Another 15-year-old at the same vaccination centre said he wanted to get the jab at the first opportunity as there might be a shortage of vaccines later.

“I just want to help because after getting vaccinated we can get back to normality earlier,” he said.

A teenager that RTHK spoke to at the Kowloon Tong vaccination centre said she wasn’t too worried about side effects, as the rest of her family didn’t have any symptoms when they were inoculated.

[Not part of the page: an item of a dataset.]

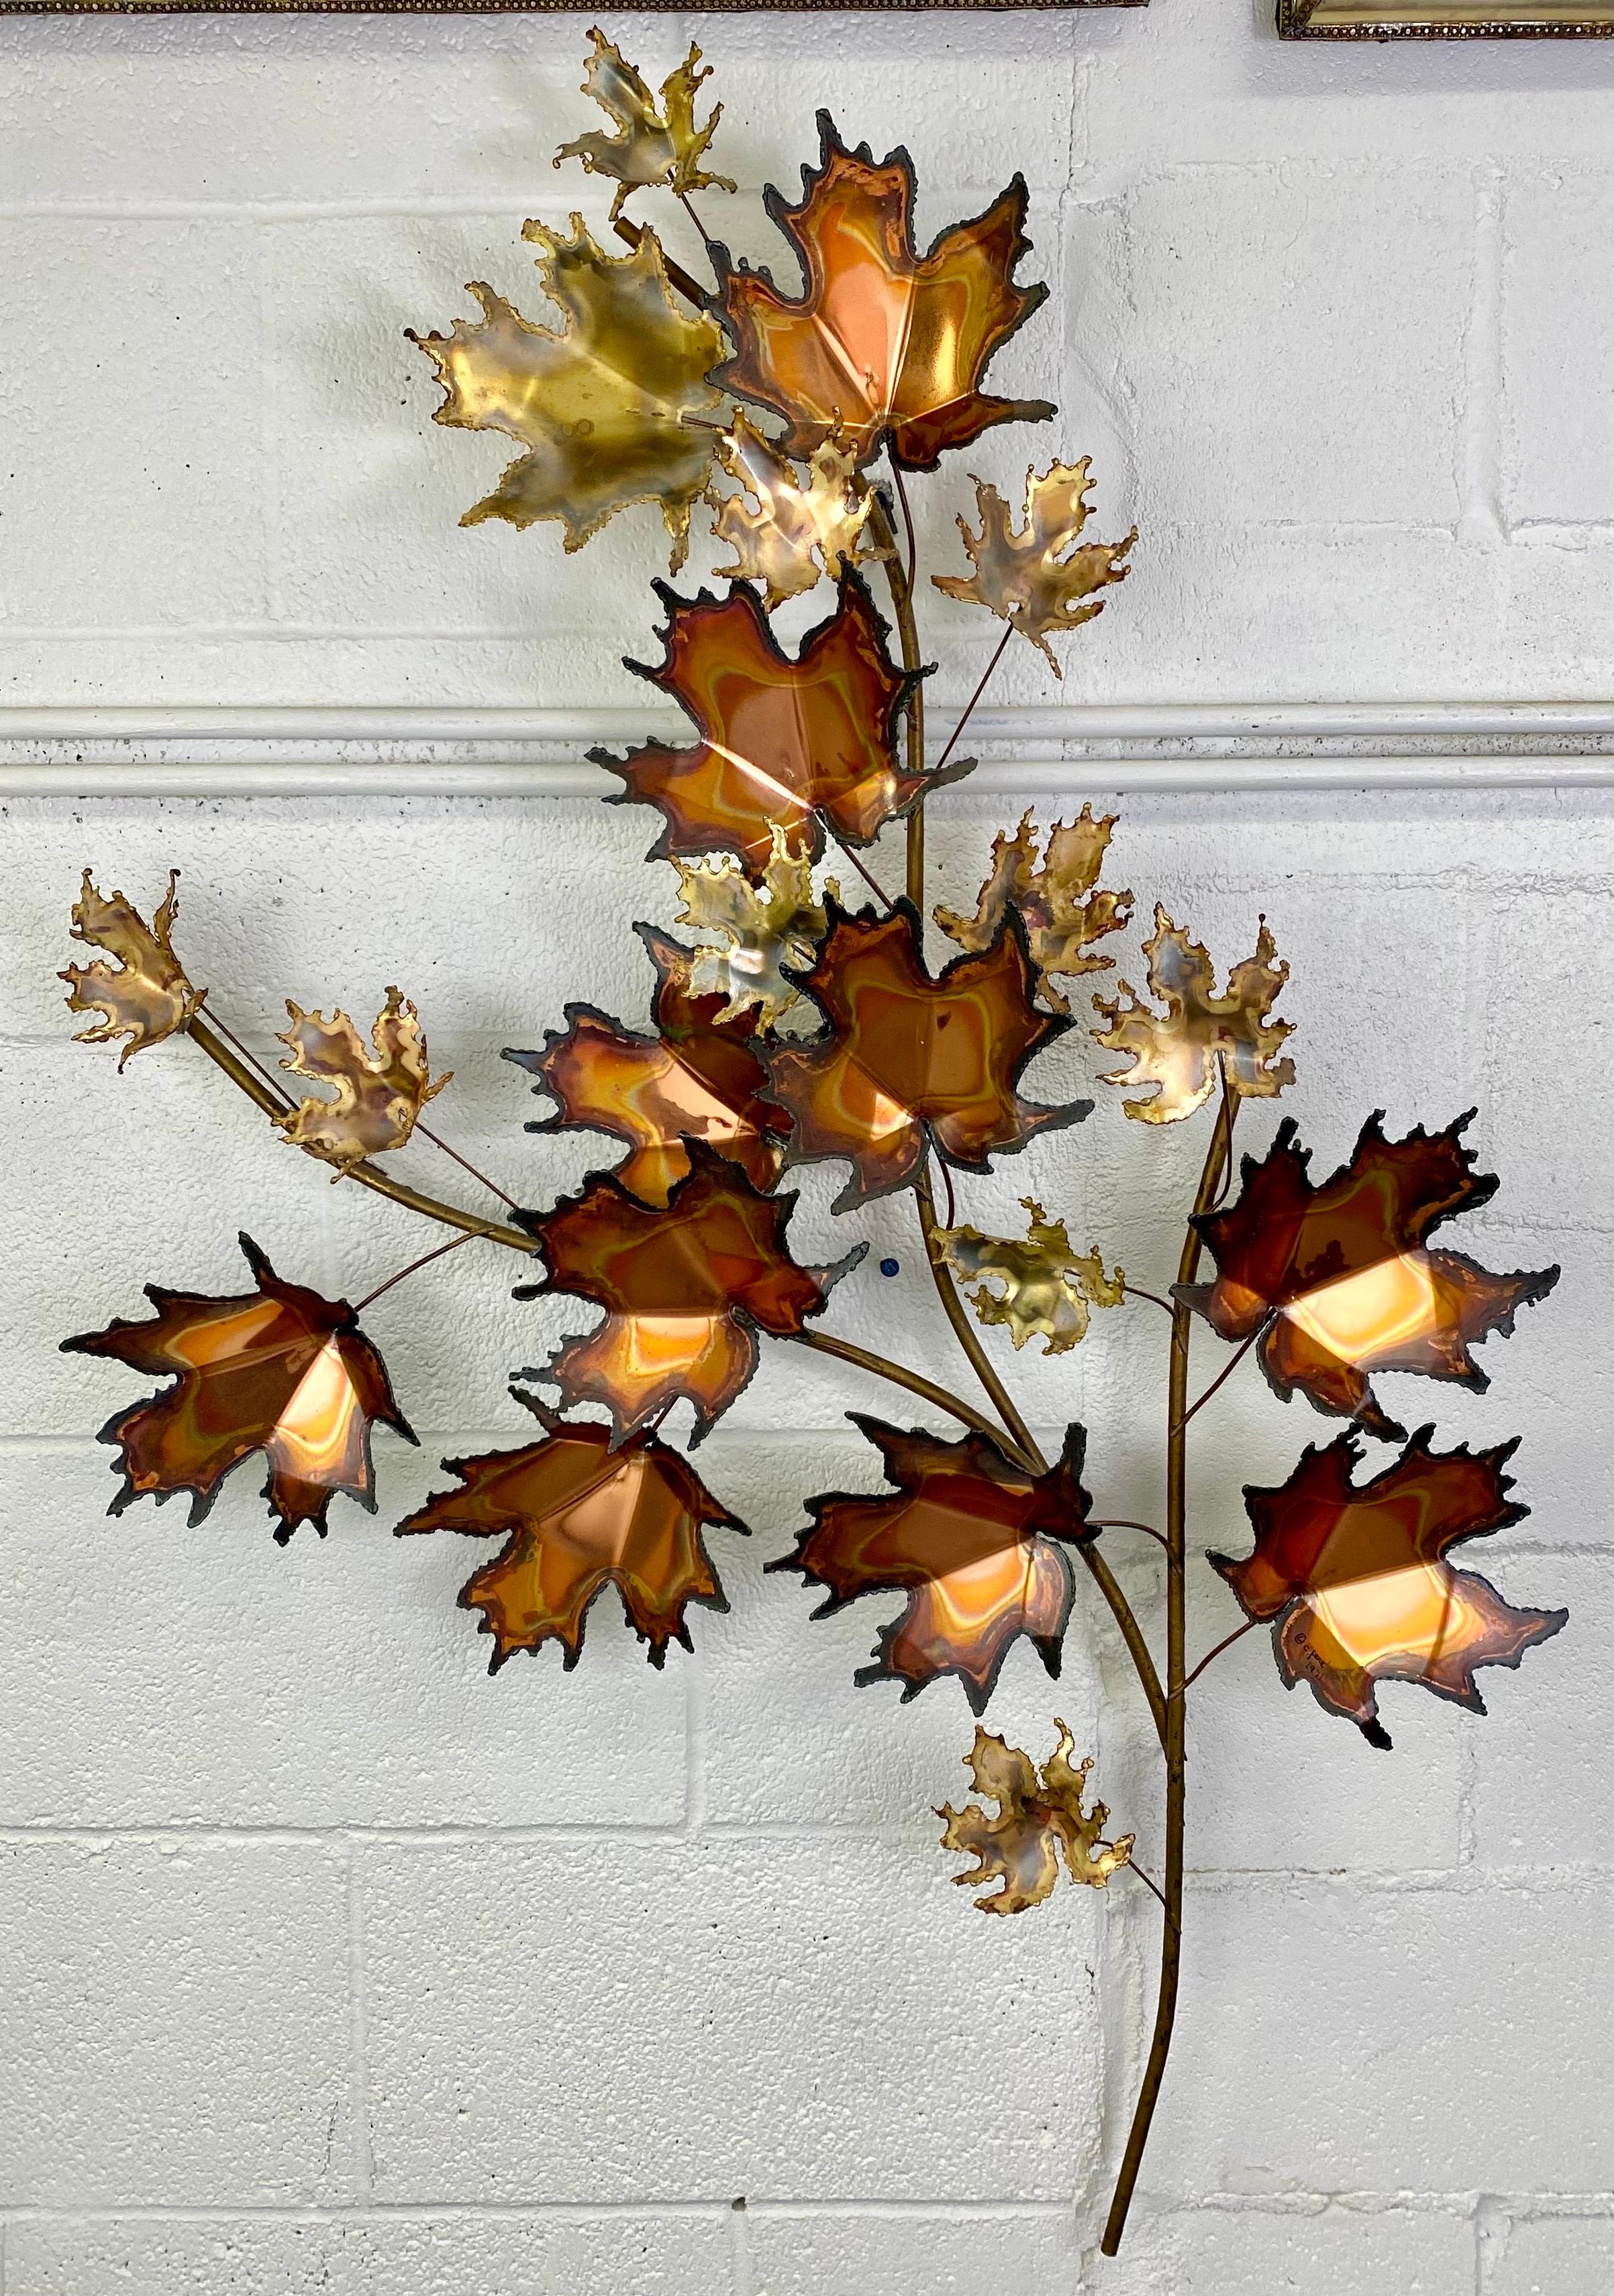 A beautiful Mid-Century Modern maple leaf design wall sculpture by Curtis Jere. The brutalist style leaf is handmade of quality bronze and brass. The large wall decor MCM sculpture shows beautiful patina on each leaf adding charm and elegance to its

“I think most of my classmates are getting it, also as soon as possible, because some of them are travelling and so if you get the jab, you have one week less of quarantine. And most of them want to go see their families in the summer,” she said.

“I believe we need to have the vaccination so we can progress to the next level, and the whole country, the whole world, can move on,” added her mother, who is a doctor.

Hong Kong launched its Covid-19 vaccination drive at the end of February, but the take-up rate has been sluggish and hopes of reaching “herd immunity” – with around 70 percent of the population inoculated – have wavered.

Latest government figures show that just over a quarter of the city’s population has had their first dose of the two-dose regimen, and just under a fifth have been fully vaccinated. Around 40,000 doses have been administered per day over the past week.

Officials are urging people to vaccinate as soon as possible, and a ticker on the government’s Covid vaccine website says there are just 79 days remaining for people to get the first dose of a vaccine at a community vaccination centre.